Positional Arguments:

  • input_image: Path to the input image.
    • Supported formats: TIFF, PNG, JPG, Sony ARW, DNG.
  • output_image: Path to save the output image with film grain.
    • Output format is determined by the file extension:
      • .tiff / .tif: 16-bit uncompressed TIFF.
      • .png: 8-bit PNG.
      • .jpg / .jpeg: 8-bit JPG (quality 95).

Options:

  • --mu_r FLOAT: Mean grain radius (relative to pixel size). (Default: 0.1)
    • Controls the apparent size of the grain particles. Larger values mean larger grains.
    • Must be positive.
  • --sigma FLOAT: Standard deviation of the Gaussian Filter for noise blurring (sigma_filter). (Default: 0.8)
    • Controls the sharpness or softness of the grain. Higher values result in softer, more blurred grain.
    • Must be positive.
    • The paper suggests sigma_filter should ideally be >= 3 * mu_r for the model's approximations to hold well. The script will issue a warning if this condition is not met.
  • --seed INT: Random seed for noise generation. (Default: 42)
    • Allows for reproducible grain patterns.
  • --mono: Apply monochrome film grain across channels based on luminance. (Default: False - apply RGB grain)
    • If enabled, grain is generated based on the image's luminance and applied uniformly to R, G, and B channels.
    • If disabled, grain is generated and applied independently for each color channel (R, G, B), leading to colored grain.

Workflow

  1. Load Image:
    • Reads the input image. RAW files (ARW, DNG) are post-processed using rawpy (16-bit output, camera WB, no auto-bright, linear gamma). Other formats (TIFF, PNG, JPG) are read using imageio.
    • The image is converted to a 0-1 float32 range.
  2. Precompute Variance LUT:
    • Calculates a lookup table (LUT) for the variance of the Boolean-Poisson (BP) noise model. This involves numerically integrating a complex function derived from the grain model, significantly speeding up per-pixel variance calculation later.
  3. Prepare Gaussian Kernel:
    • Creates a 2D Gaussian kernel based on the sigma_filter parameter. This kernel is used to blur the initial noise, shaping the grain's appearance. The kernel radius is determined by sigma_filter.
  4. Process Channels (RGB or Monochrome):
    • Monochrome Mode (--mono):
      • The input image is converted to grayscale (luminance).
      • generate_noise_kernel (Warp kernel): Generates initial random noise for the grayscale image. The noise variance at each pixel is determined by the pixel's intensity (u_val) and the precomputed variance LUT, scaled by mu_r and sigma_filter.
      • convolve_2d_kernel (Warp kernel): Convolves the generated noise with the 2D Gaussian kernel to produce the filtered (shaped) grain.
      • This single-channel filtered noise is then used for all R, G, and B output channels.
    • RGB Mode (default):
      • The process above (noise generation and convolution) is performed independently for each color channel (R, G, B) of the input image.
      • Different random seeds are used for each channel (seed, seed+1, seed+2) to ensure decorrelated grain patterns.
      • If the input is grayscale, the R channel's noise is copied to G and B.
  5. Add Noise and Clip:
    • add_rgb_noise_and_clip_kernel (Warp kernel): Adds the filtered noise (either monochrome or per-channel RGB) to the original image channels.
    • The result is clipped to the 0.0 - 1.0 range.
  6. Save Output:
    • The final image with added grain is copied from the GPU back to the CPU.
    • It's converted to the appropriate bit depth (16-bit for TIFF, 8-bit for PNG/JPG) and saved.

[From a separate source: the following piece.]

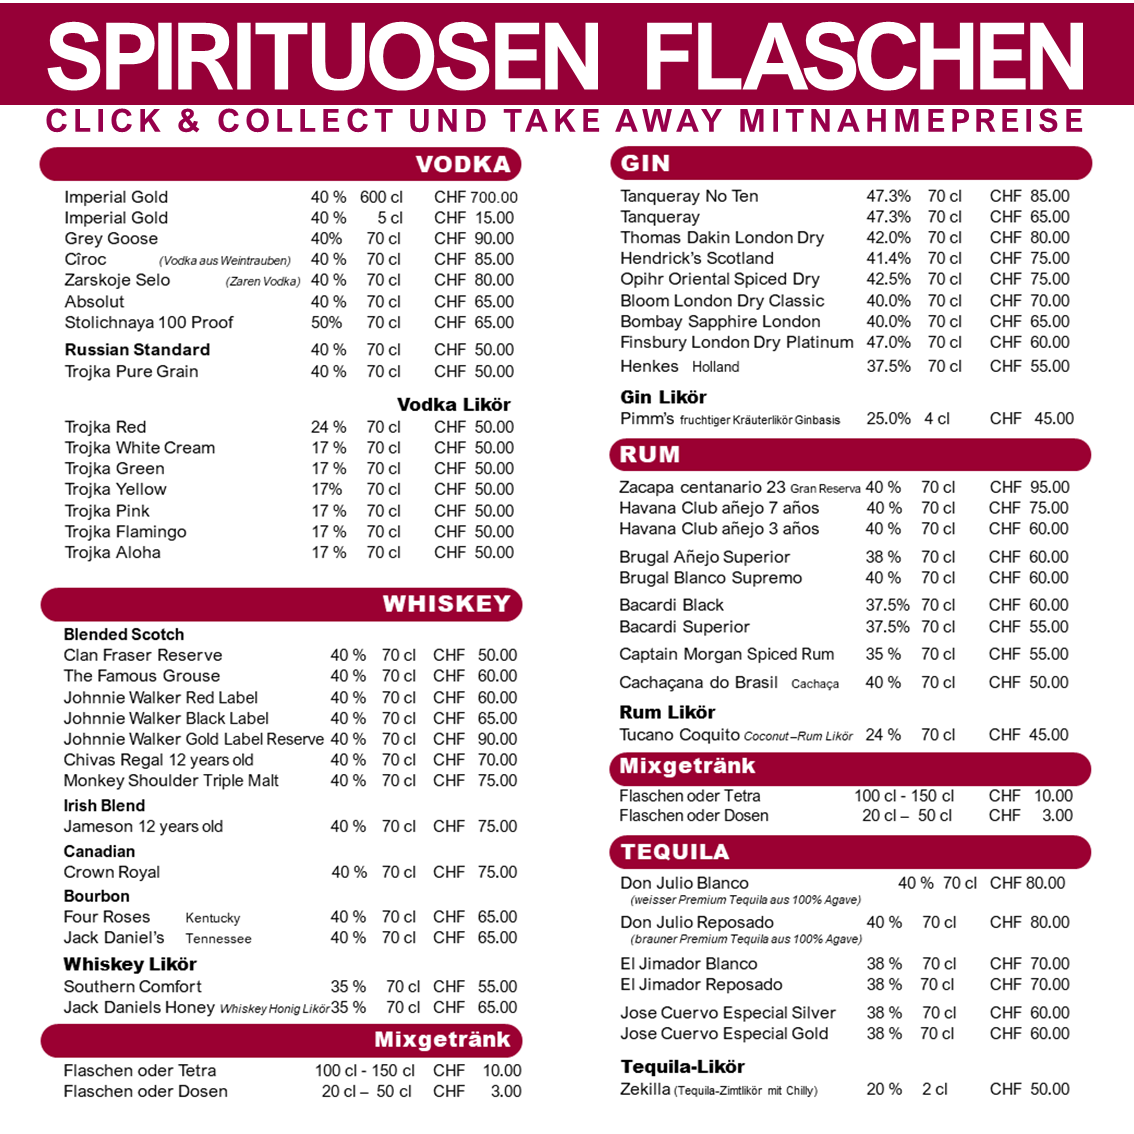 Click & Collect Spirituosen Flaschen Mitnahme-Preise
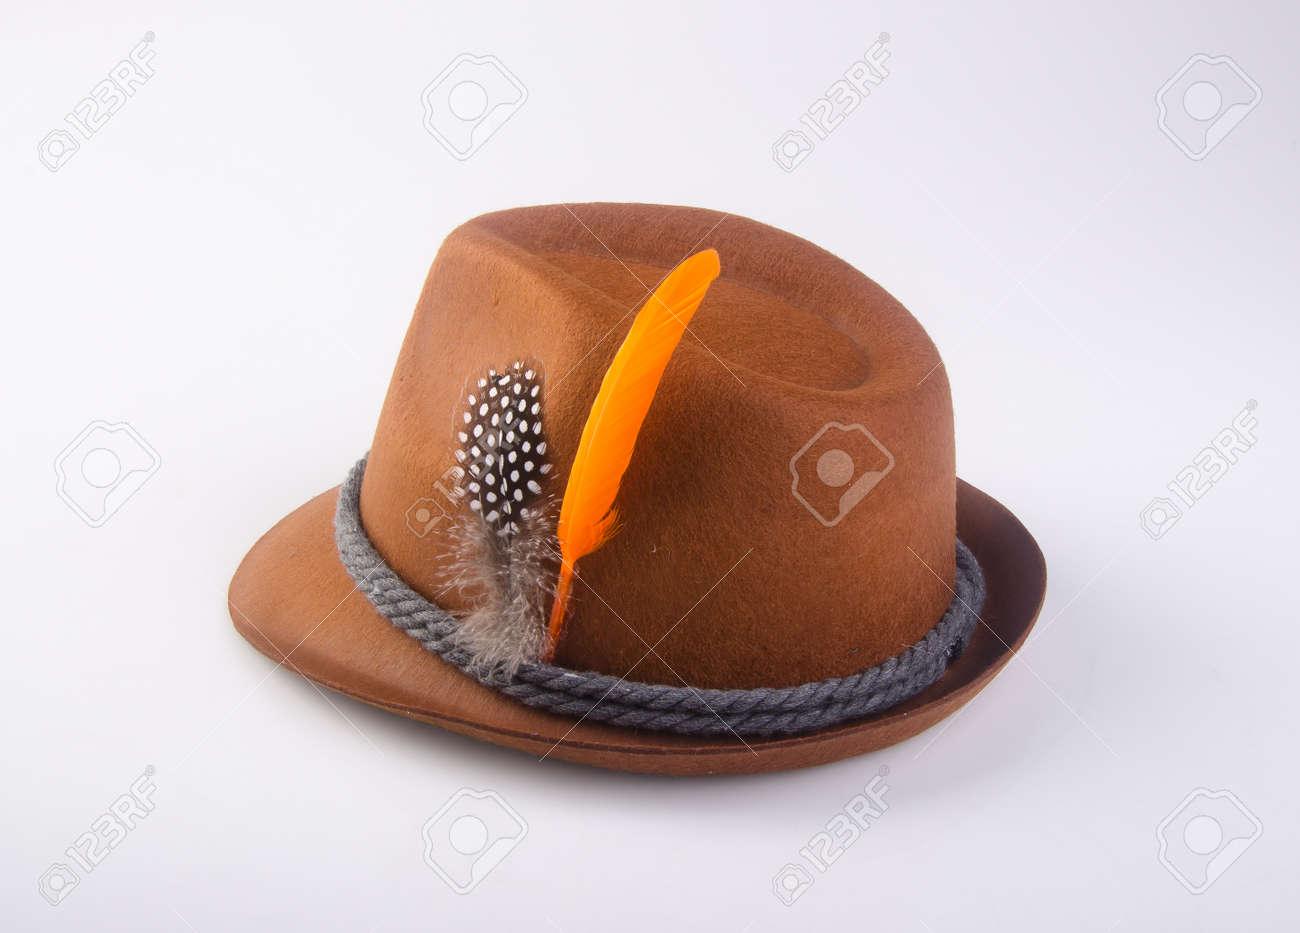 18339875629 hat or oktoberfest bavarian hat on a background Stock Photo - 96935148

Technical Details (from Zhang et al. 2023)

  • Boolean-Poisson (BP) Model: The grain is modeled as randomly placed circular grains (disks) of radius mu_r. The local density of these grains depends on the image intensity.
  • Variance Calculation: The core of the model involves calculating the variance of the noise that would result from this BP process. This variance is intensity-dependent. The w_func and CB_const_radius_unit functions in the script are related to the geometric calculations of overlapping disks, which are part of this variance derivation. The integral of CB_const_radius_unit * x gives the key component for variance, which is precomputed into the LUT.
  • Filtering: The raw noise generated based on this variance is then filtered (convolved) with a Gaussian kernel (h in the paper, controlled by sigma_filter) to achieve the final grain appearance. The paper notes that the filter's standard deviation sigma_filter should be significantly larger than mu_r (e.g., sigma_filter >= 3 * mu_r) for certain approximations in their model to be accurate.